Apesar dessas diferenças, a pelve feminina ainda cria um encaixe apertado entre a cabeça do bebê e o canal do parto, às vezes colocando o bebê e a mãe em perigo.

"Então, por que a seleção natural não conseguiu resolver essa situação e tornar o nascimento um pouco menos arriscado?", perguntou Nicole Grunstra, antropóloga evolutiva da Universidade de Viena (Áustria) e uma das autoras do estudo.

"Ele evoluiu para ser um compromisso evolutivo entre demandas concorrentes", disse ela –em outras palavras, para resolver um dilema obstétrico.

Mas Grunstra reconheceu falhas na versão original da teoria de Washburn. Ela suspeitava que a caminhada pode não ter sido o fator mais importante na evolução da pelve. Simplesmente ficar de pé, disse ela, pode ter pressionado o assoalho pélvico, impedindo a evolução de um canal de parto mais espaçoso.

Os céticos não estão convencidos por esses argumentos. Em sua nova revisão, Warrener questionou se os bebês que ficam presos no canal de parto representam uma grande ameaça para a vida das mulheres. É muito mais comum que as novas mães morram devido à perda de sangue ou infecções, observou.
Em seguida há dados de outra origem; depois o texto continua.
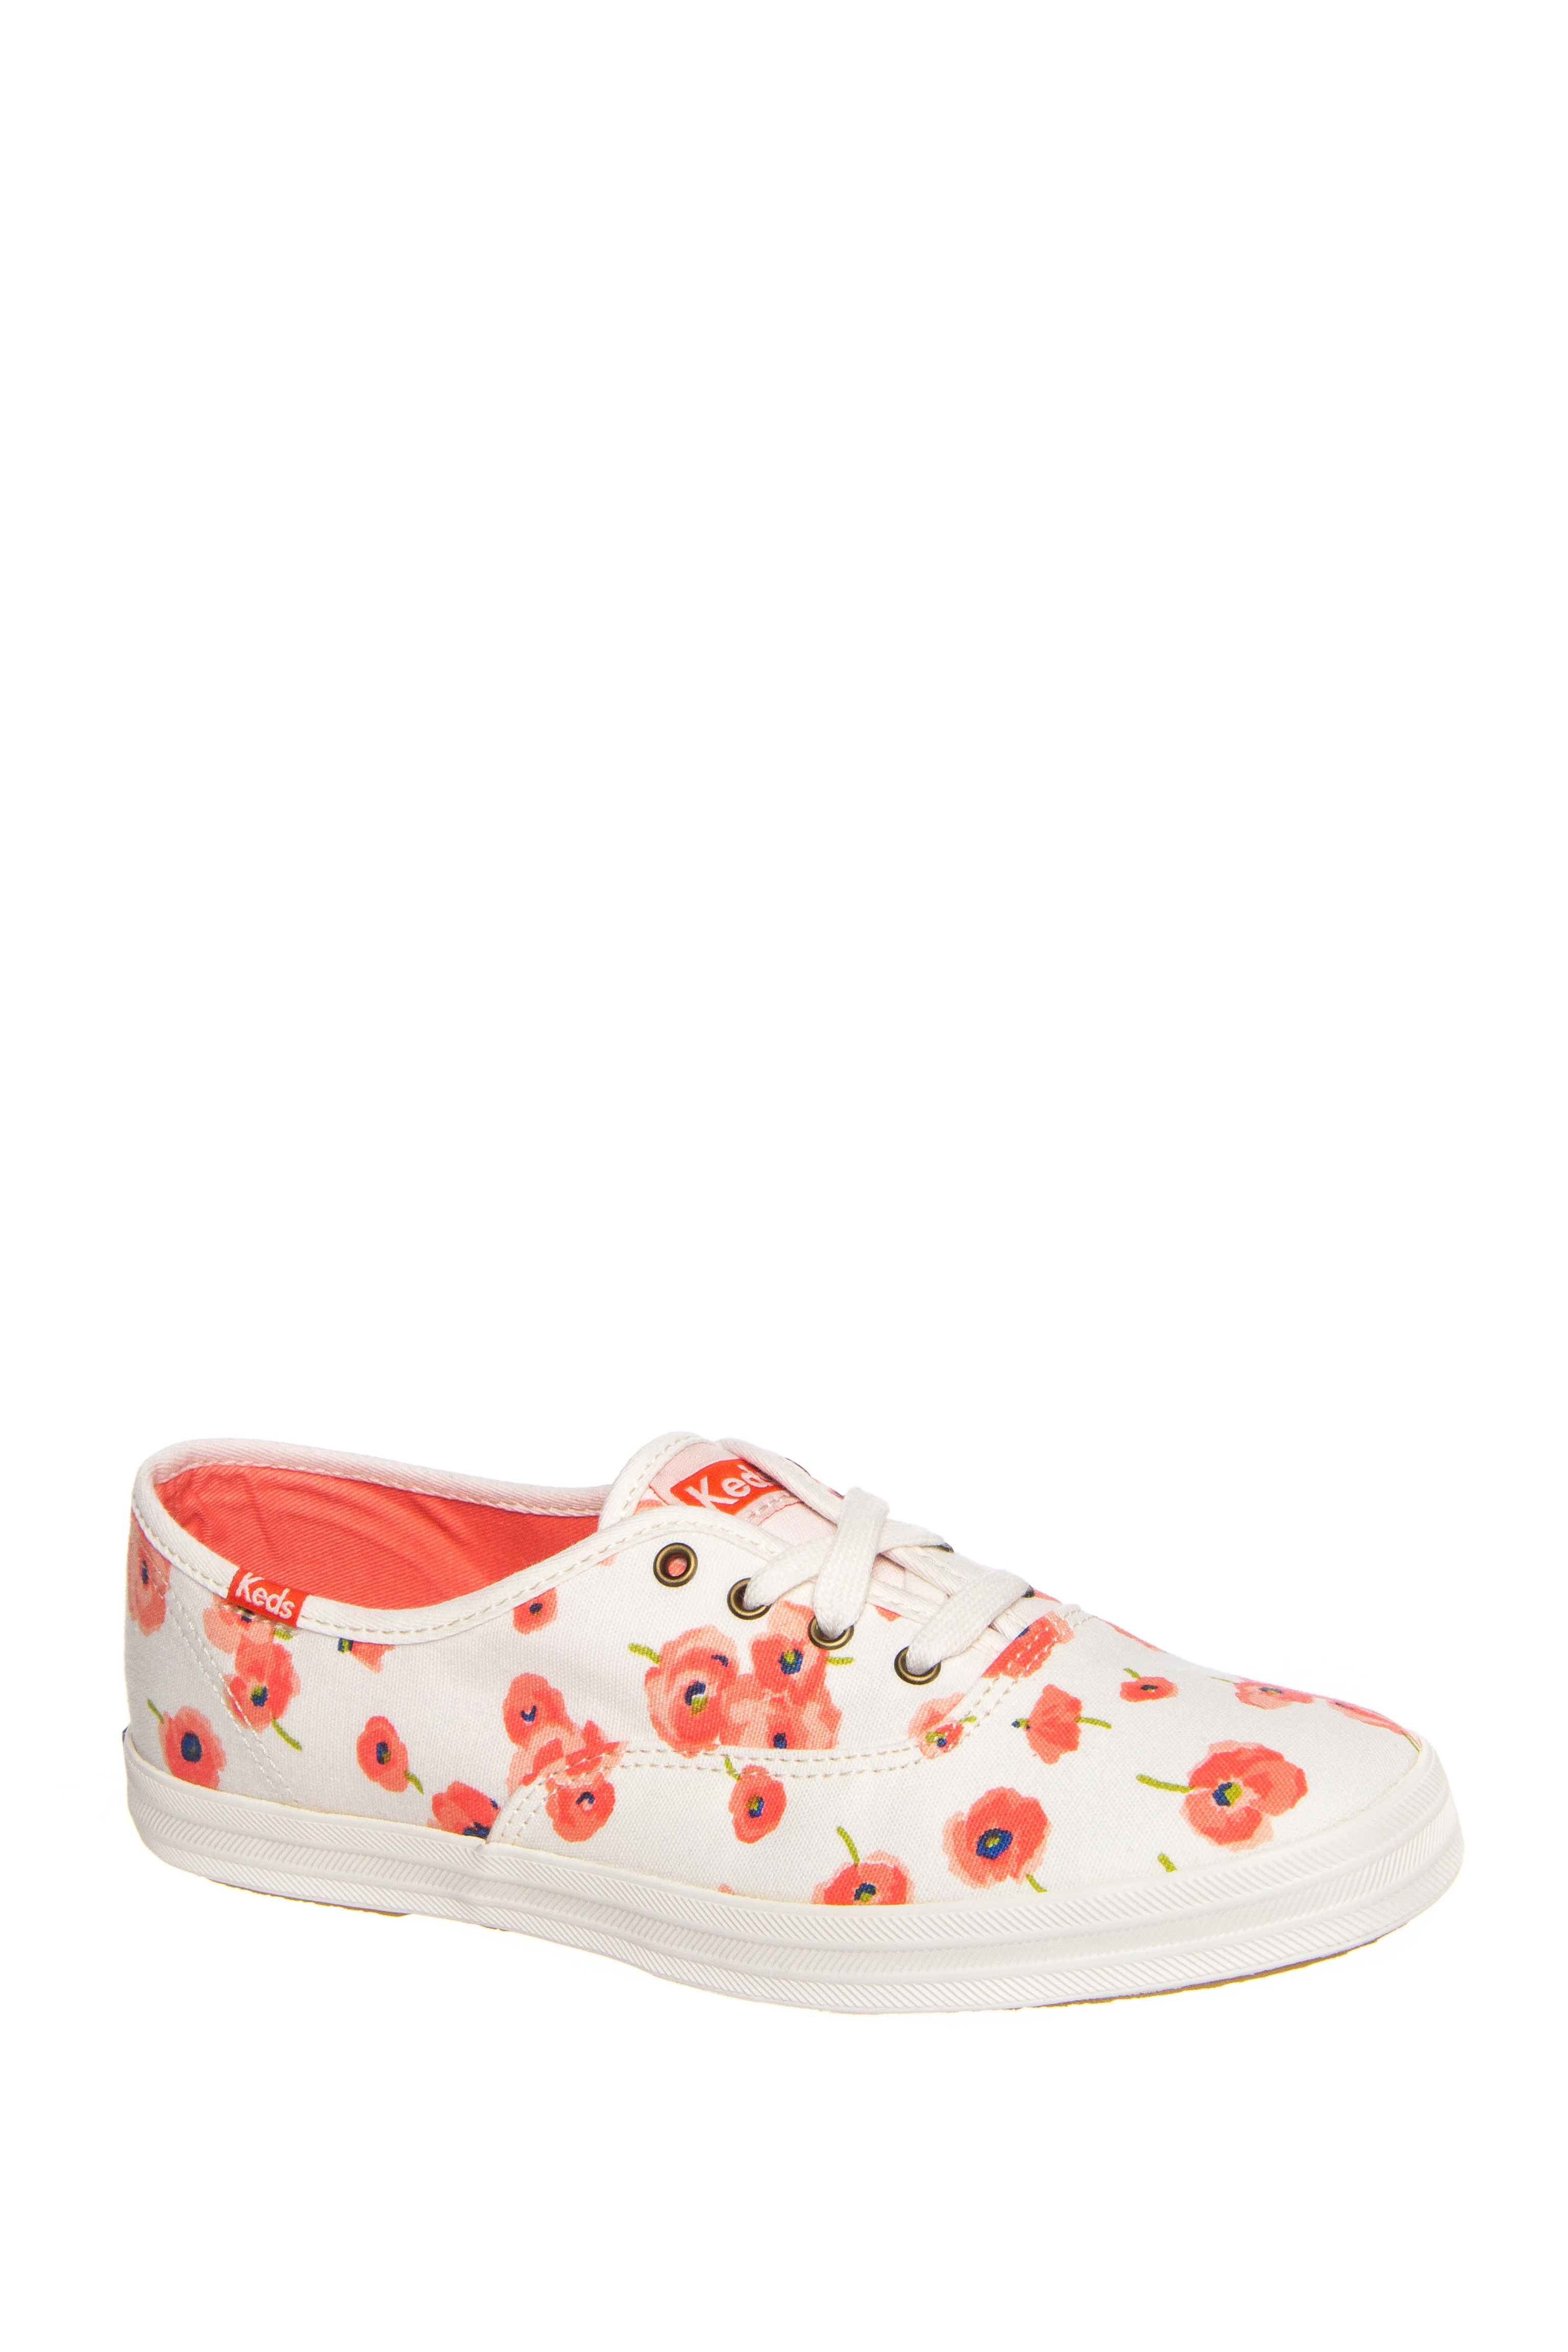 Keds Champion Poppy Low Top Sneakers - Cream Poppy Print
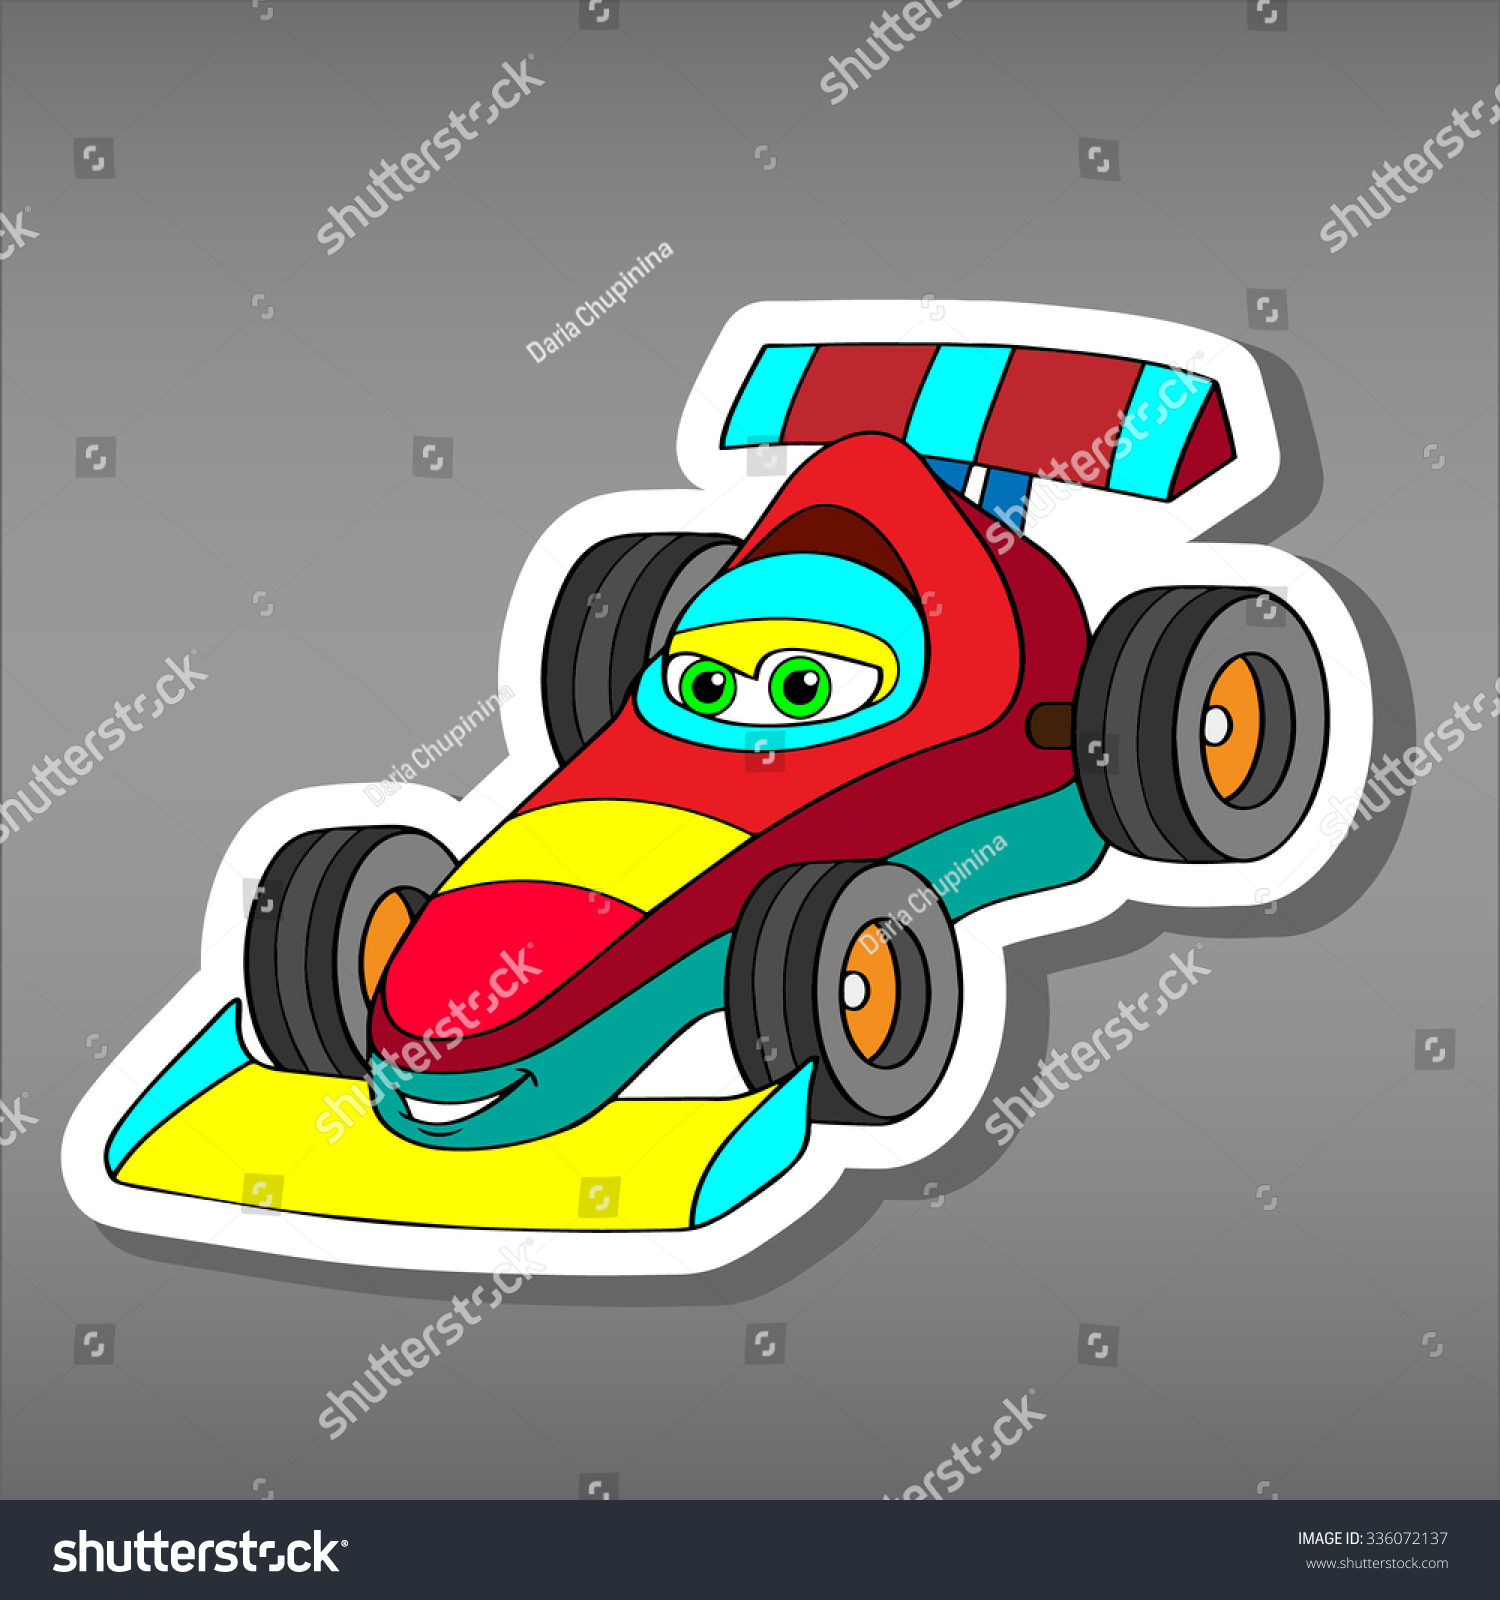 Car design sticker rally - Cartoon Sport Car Sticker For Boys Vector Illustration For Scrapbook Transportation Doodle Background

Ela também criticou a maneira como Grunstra e outros defensores do dilema obstétrico defendem sua hipótese. Em sua opinião, eles assumem que cada peça da anatomia humana foi ajustada pela seleção natural para um trabalho específico.

Às vezes, disse Warrener, as adaptações são fruto do acaso. Por exemplo, alguns dos genes que constroem a pelve também são ativos no desenvolvimento de outras partes do esqueleto. Se outro osso do nosso corpo evoluísse para uma nova forma, a pelve poderia mudar simplesmente como um subproduto –não porque estava evoluindo para caminhar ou dar à luz.

"Acho que as diferenças da pelve entre os sexos têm sido uma espécie de pista falsa", disse Dunsworth.

Como outros ossos, a pelve não tem uma forma fixa codificada em um projeto genético. Seu desenvolvimento é influenciado pelos tecidos ao seu redor, incluindo o útero, os ovários e outros órgãos. As proporções da pelve feminina podem resultar em parte de todos os órgãos que crescem dentro dela.

Dunsworth e Warrener temem que o dilema obstétrico leve a uma noção generalizada do corpo feminino como inescapavelmente defeituoso.

"Isso nos faz sentir como problemas que precisam ser resolvidos pela medicina", disse Dunsworth.